DATA SECTION: Begin
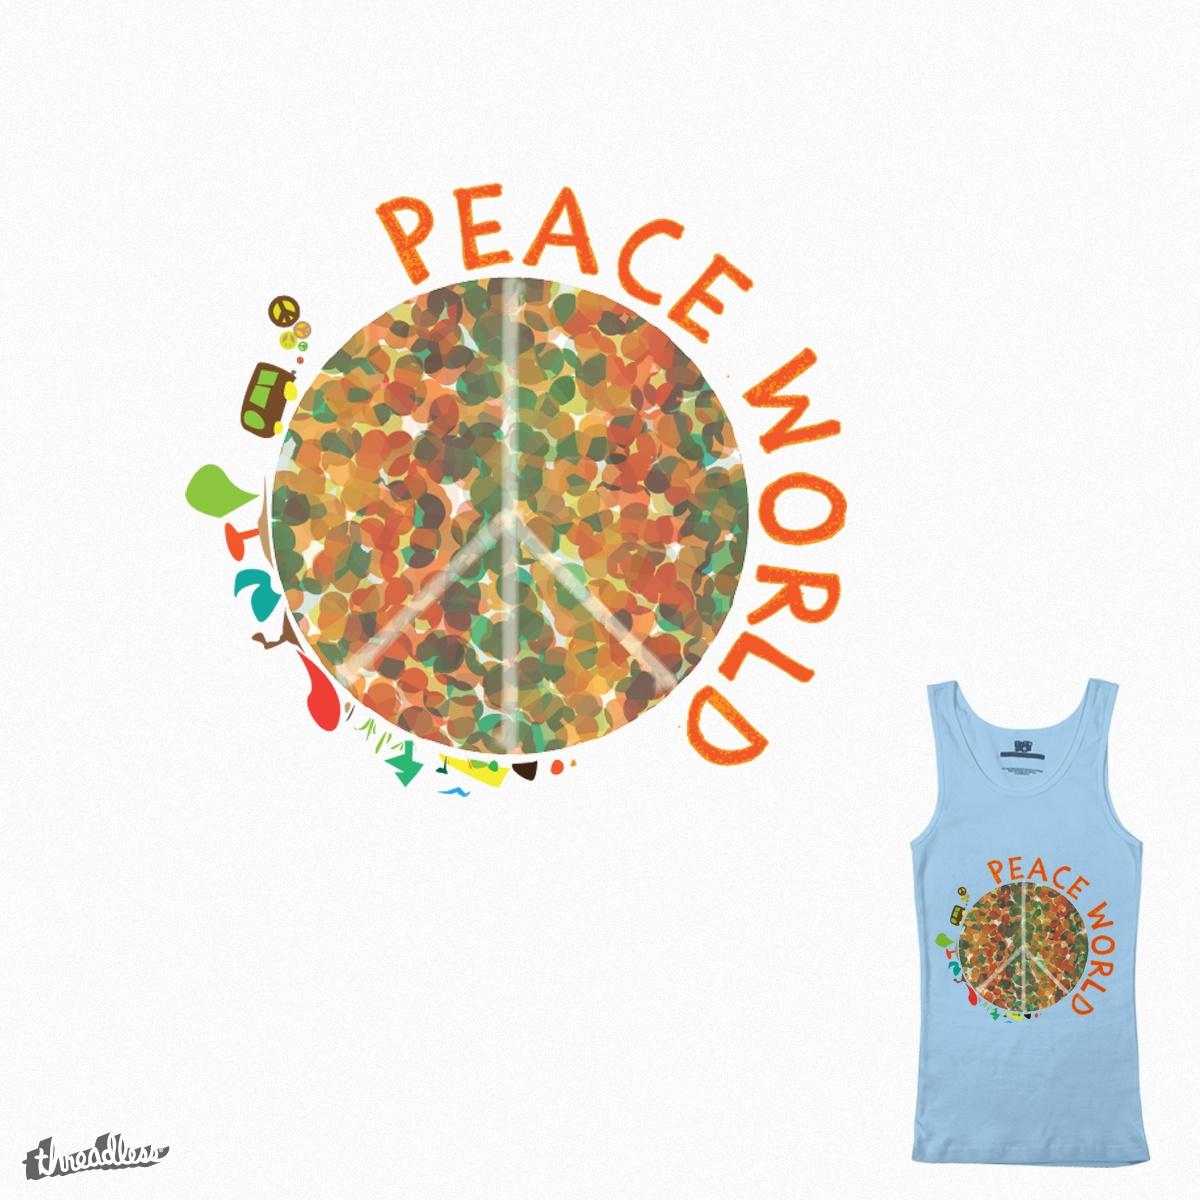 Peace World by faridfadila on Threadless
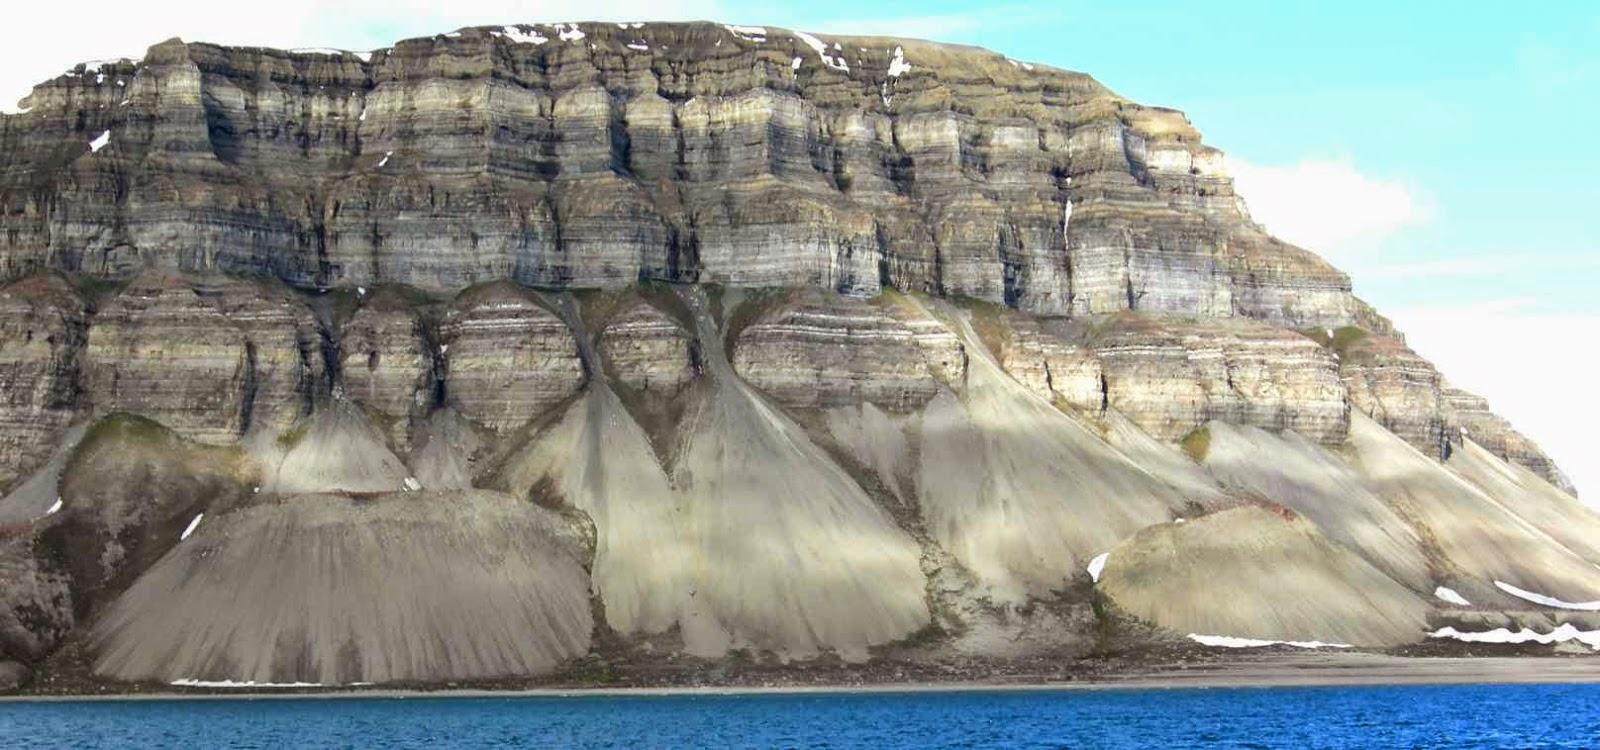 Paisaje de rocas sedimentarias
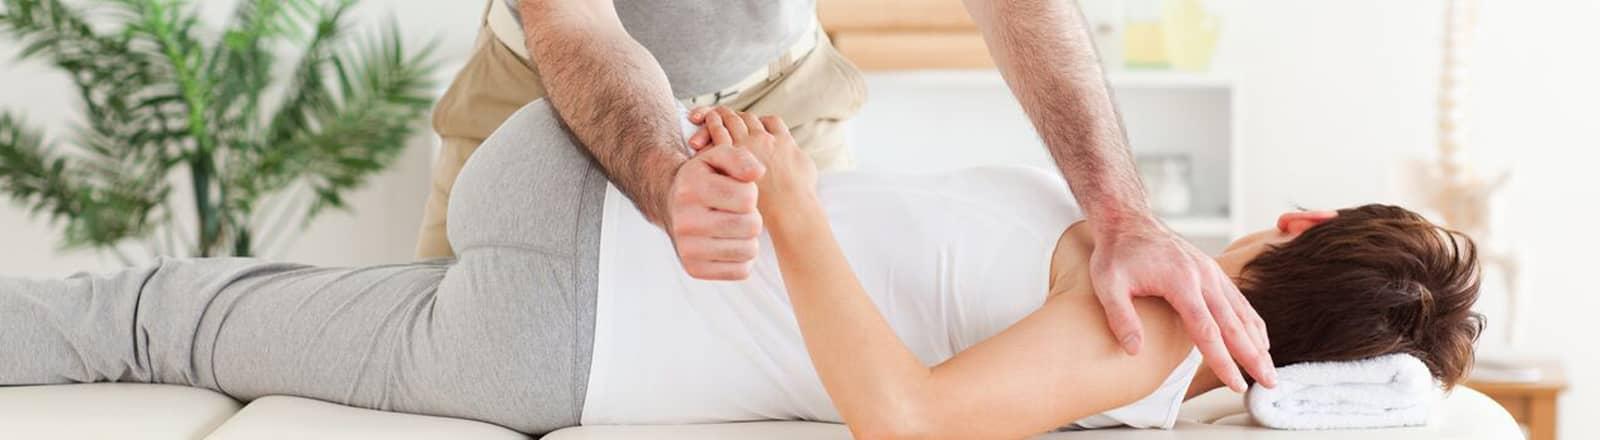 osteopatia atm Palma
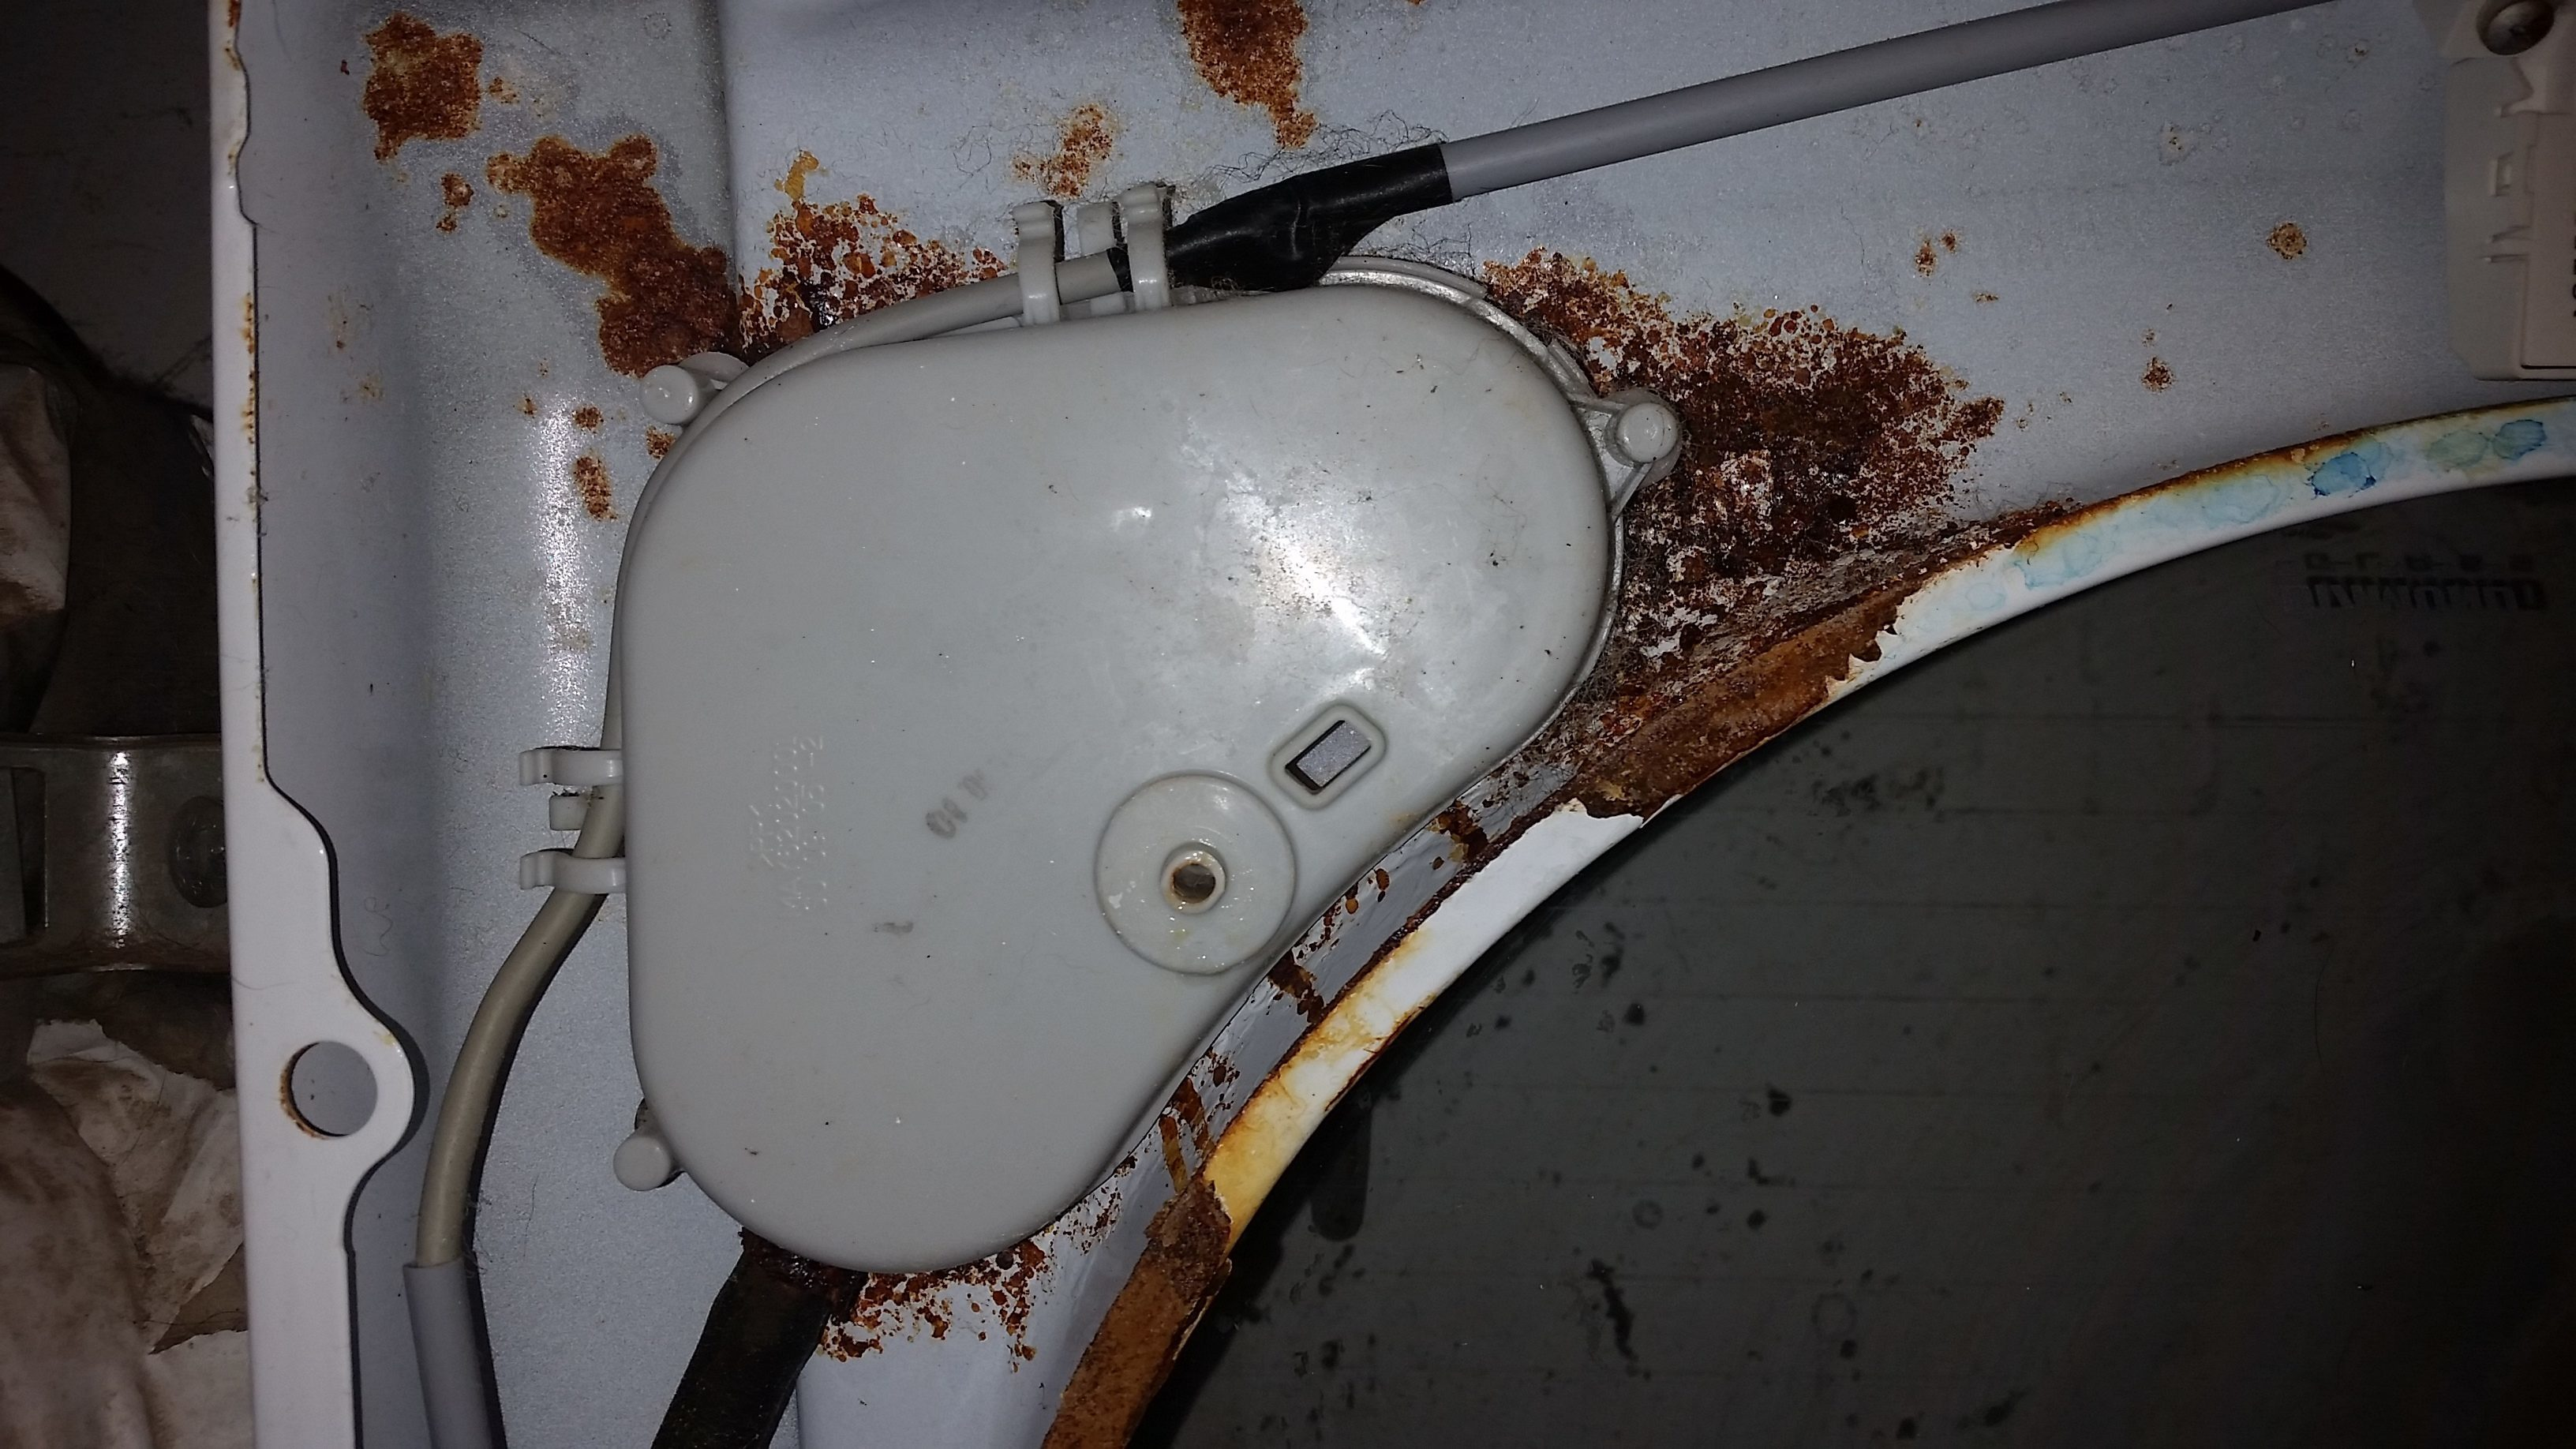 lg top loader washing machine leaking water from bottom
DATA SECTION: End
TASK OBJECTIVE: Every line of the material must be returned verbatim, and pictures must be left behind.

RESPONSE:
 Peace World by faridfadila on Threadless
 Paisaje de rocas sedimentarias
 osteopatia atm Palma
 lg top loader washing machine leaking water from bottom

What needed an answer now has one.